The women’s soccer team’s 1-1 tie with Columbia last season followed a familiar story line.
The Quakers started slowly and allowed the Lions to establish an early 1-0 lead, then they reemerged in the second half and managed to mount a comeback.
That sounds like deja vu for a 2009 squad that seems to continually dig itself into an early hole and spend the remainder of the contest trying to claw its way out, as demonstrated in the team’s 2-1 victory over Cornell last week.
Yet when Penn (6-2-2, 1-1 Ivy) heads to Columbia this weekend, it will need to get off to a quick start if they hope to pull out a victory.
“We are focusing on the first fifteen minutes,” said sophomore forward Marin McDermott, who assisted the team’s only tally against the Lions last year.
“We all have been working on one thing that we each need to do individually to make sure that we play a full 90 minutes and we hope to take that into the game.”
A win against Columbia (4-5-2, 1-1) is critical if the Quakers hope to avoid a midseason collapse like the one that led to a fifth-place Ivy finish in 2008. Last season the team entered its matchup with the Lions holding a perfect 2-0 conference record but went winless against its final five Ancient Eight opponents.

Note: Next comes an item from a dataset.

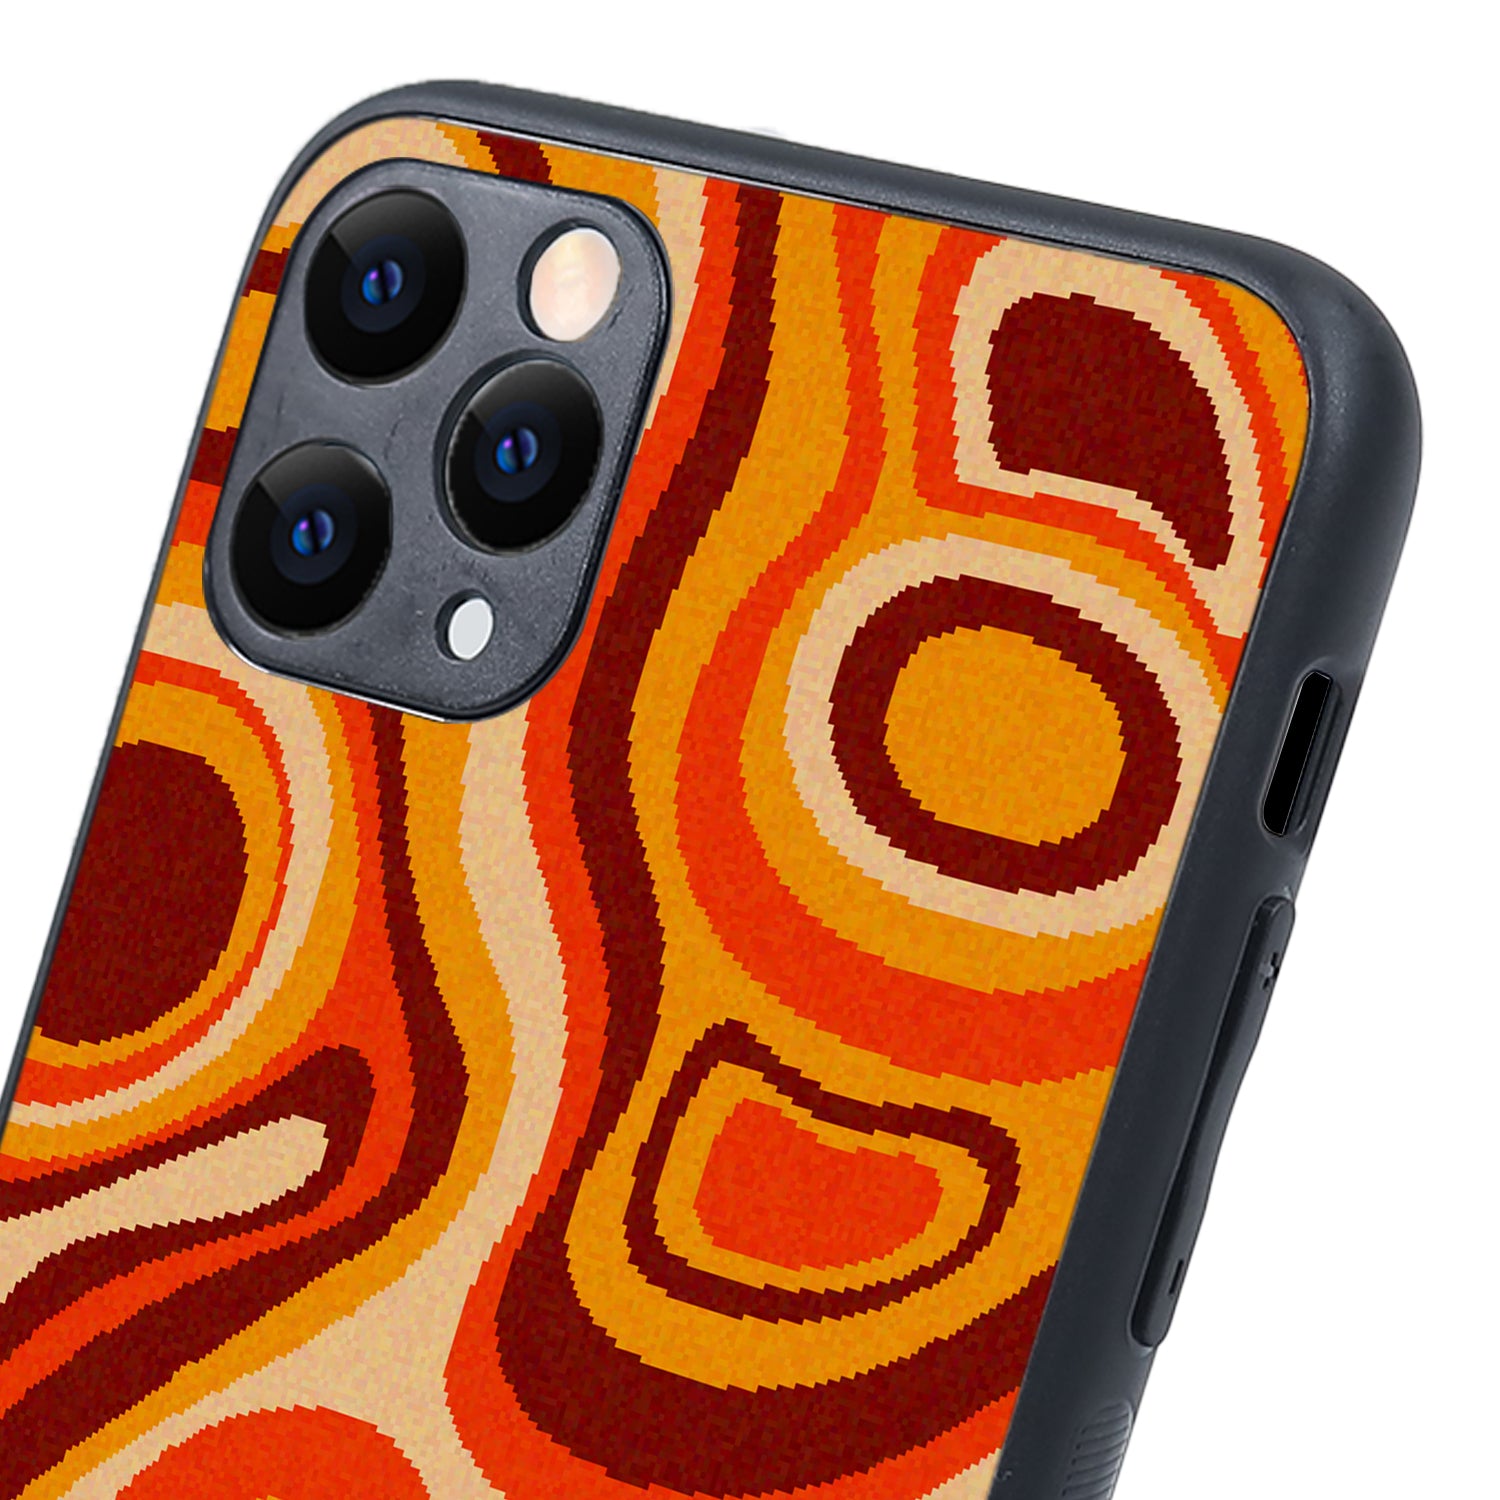 Drip Marble iPhone 11 Pro Max Case

“We definitely want to come out with a win,” McDermott said. “We don’t care if it’s a good game or a bad game, all we care about is the end result.”

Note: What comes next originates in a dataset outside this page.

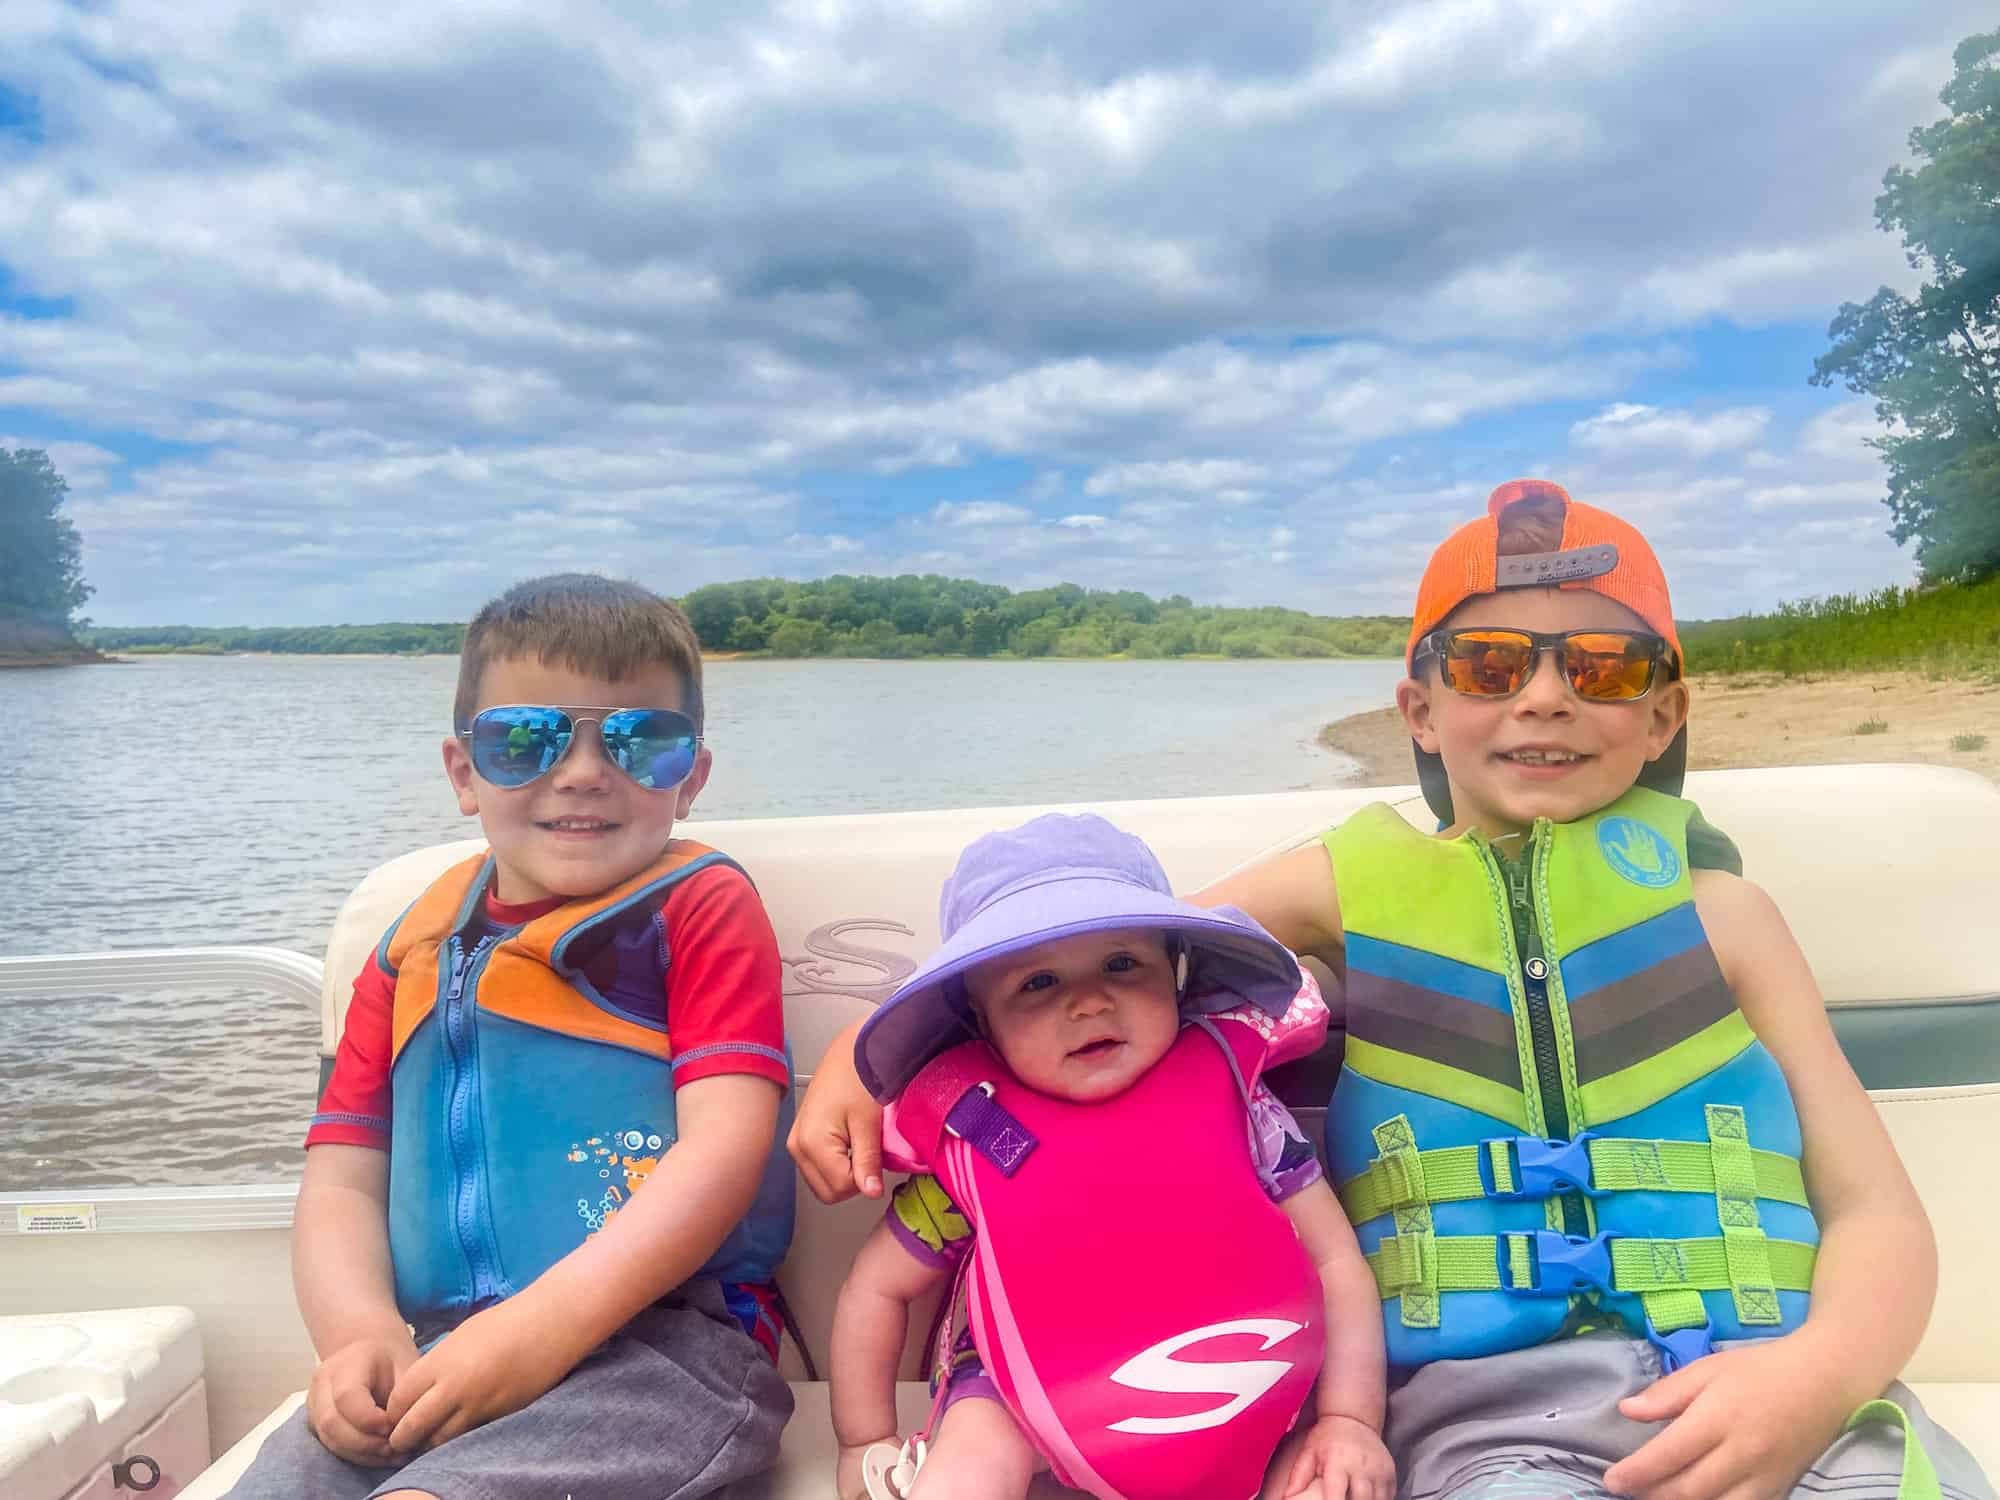 How To Choose The Safest Life Jacket For Your Kids This Summer - NDPA

The Quakers will have their work cut out for them.
Although Columbia enters one win short of a .500 record, Penn’s only two losses this season were at the hands of Northwestern and Harvard (which entered their matchups with Penn 1-4-1 and 1-5-1, respectively).

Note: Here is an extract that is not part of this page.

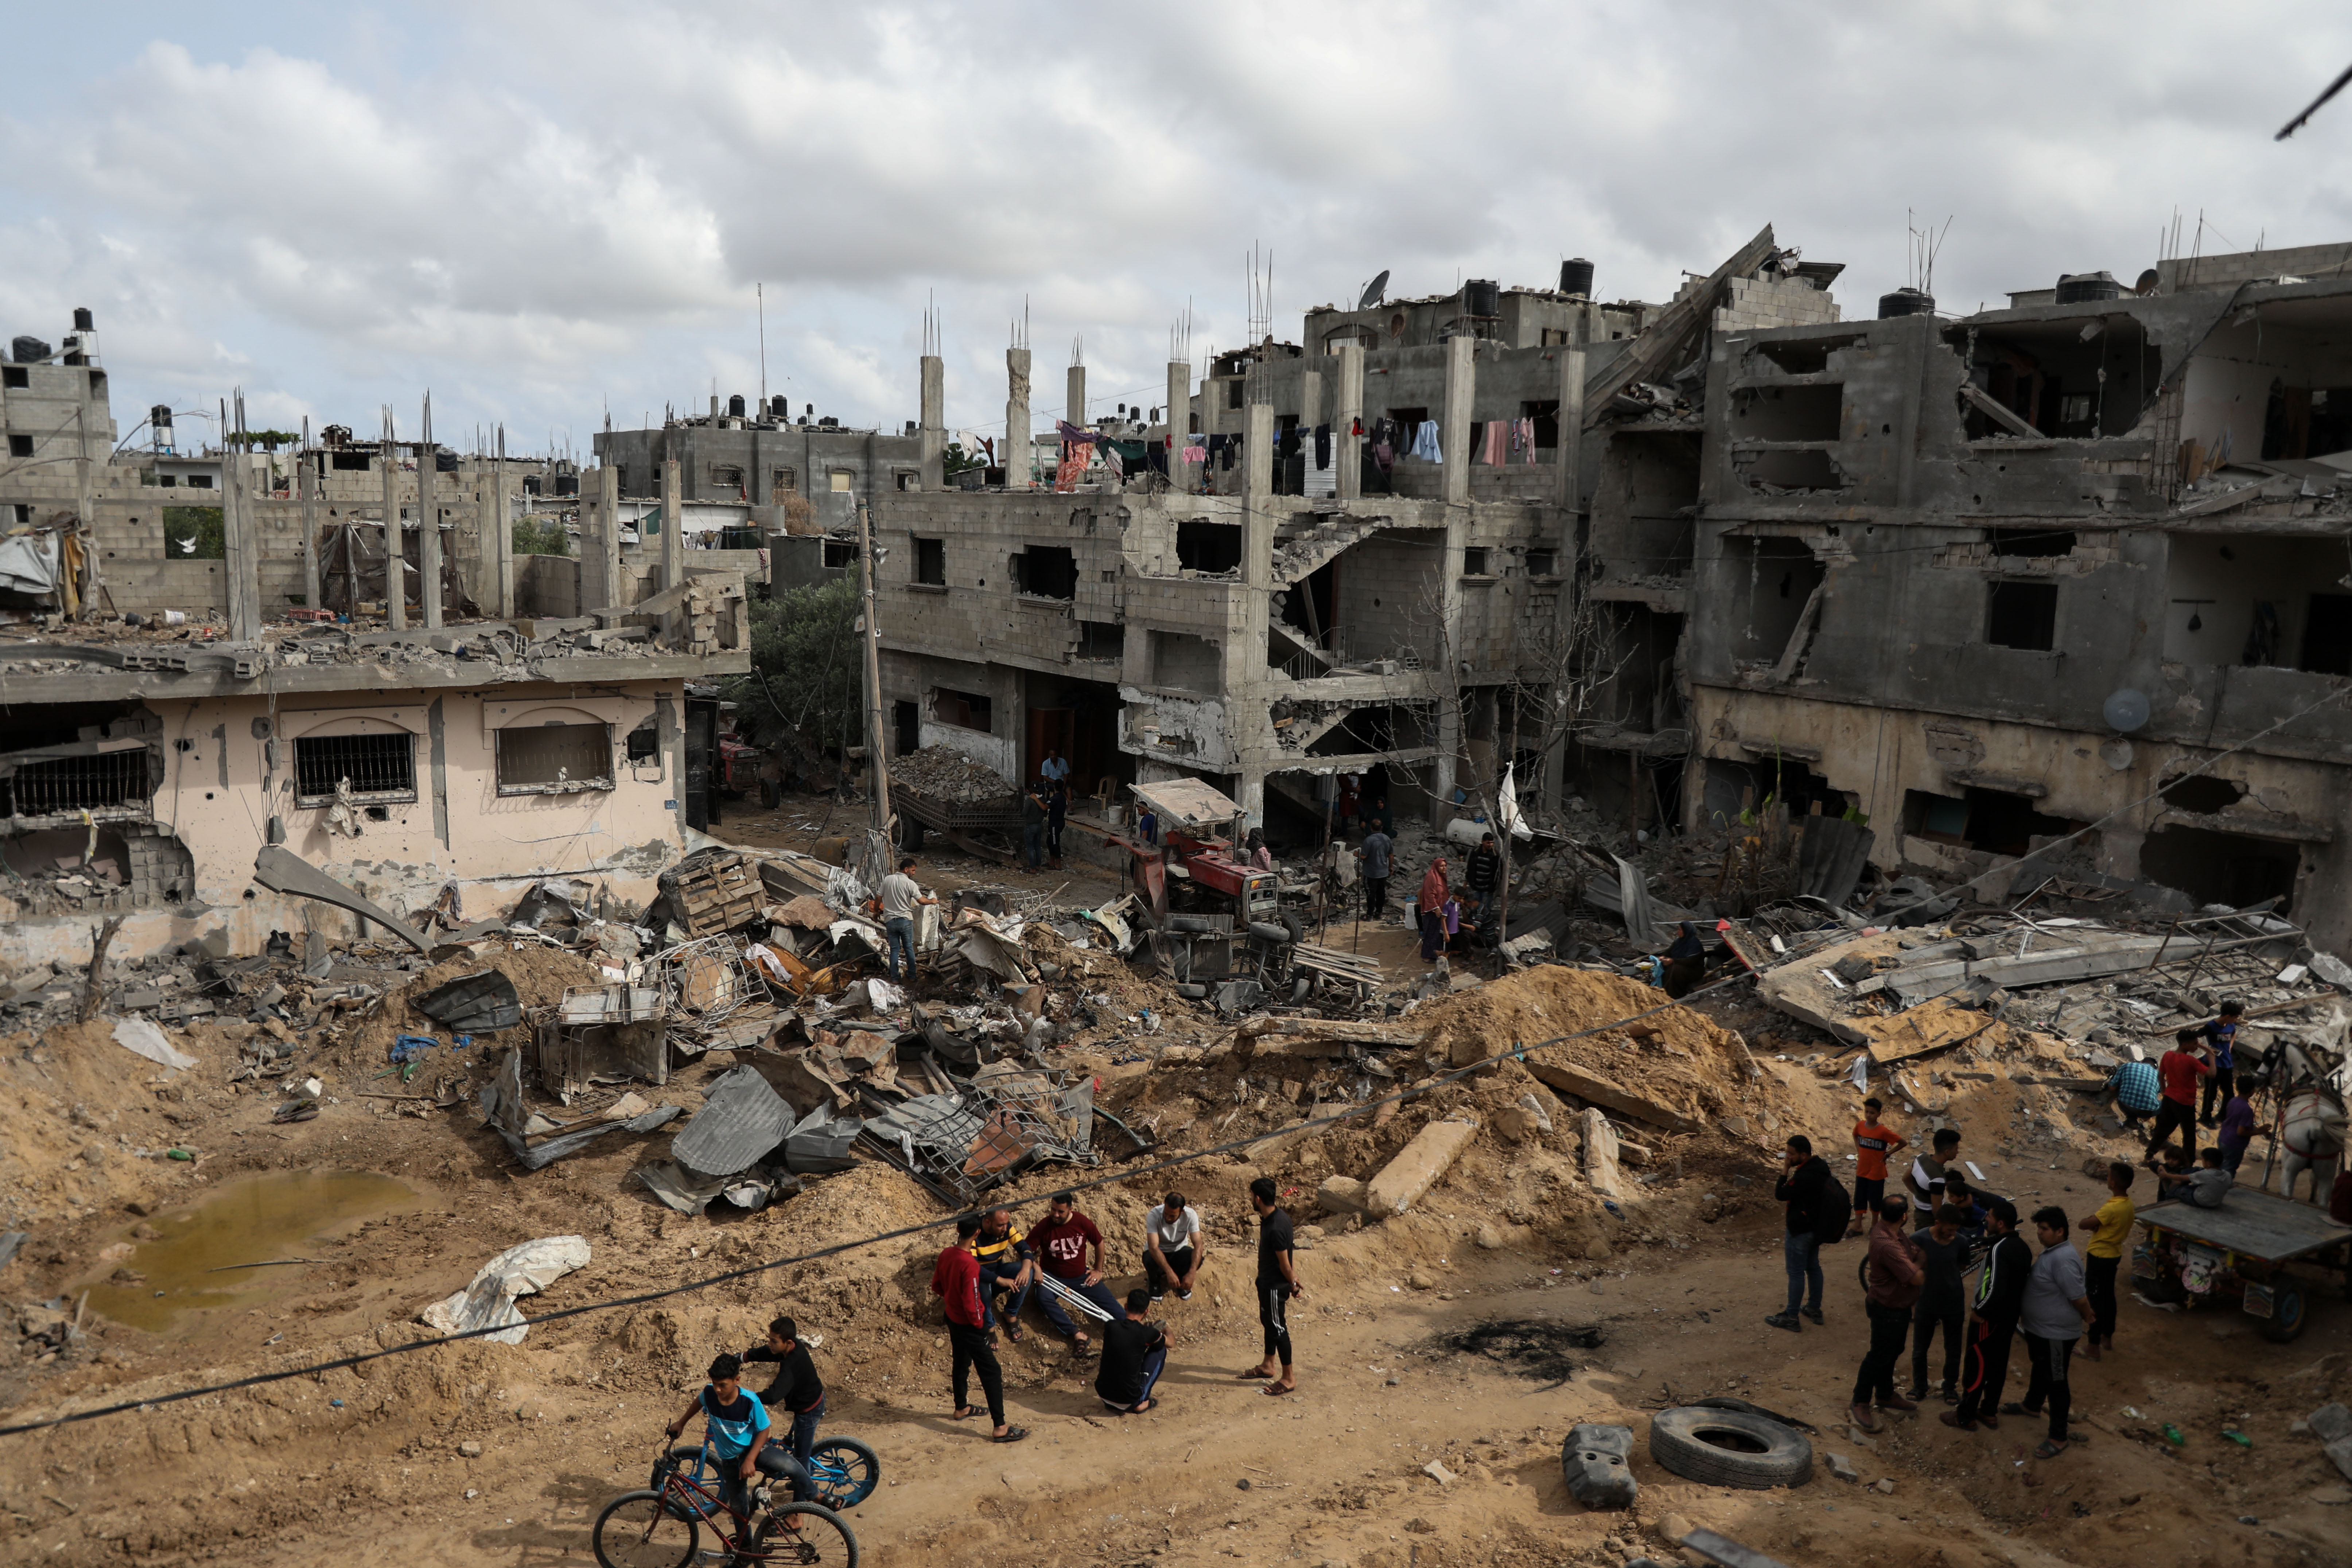 United Nations Secretary-General Antonio Guterres has called on the international community to unite in providing assistance to reconstruction efforts in Gaza

Penn coach Darren Ambrose expects a highly physical game — just like in the triumph over Cornell, which had 37 fouls and two scores off of penalty kicks — and he hopes that will play to his team’s strengths.
“They are a direct team and very physical,” Ambrose said of the Lions. “We want to absorb the pressure they put on us and try to make them chase us.”
The Quakers will be chased on Columbia’s SprinTurf, marking their first game on that field type this season. To make the adjustment from playing on the grass of Rhodes Field, the Red and Blue practiced this week on the SprinTurf on Franklin Field, which is slightly different than the other kinds of turfs they’ve played on this season. Penn is 2-1-2 historically on SprinTurf fields.
“On turf, you have to adapt to play quicker,” McDermott said. “We have to be mentally prepared.”
Despite the similarities in the team’s performance last season to many of its showing this year Ambrose insists that the team is not phased.
“Last year’s game doesn’t have a bearing on this year,” he said. “This year’s team is entirely different and we have to be prepared to battle hard.”
Yet in the event that they do give up an early goal, the Quakers have shown an ability to fight back.
“We have a lot of heart,” Mc Dermott said. “And if we use that desire we will win.”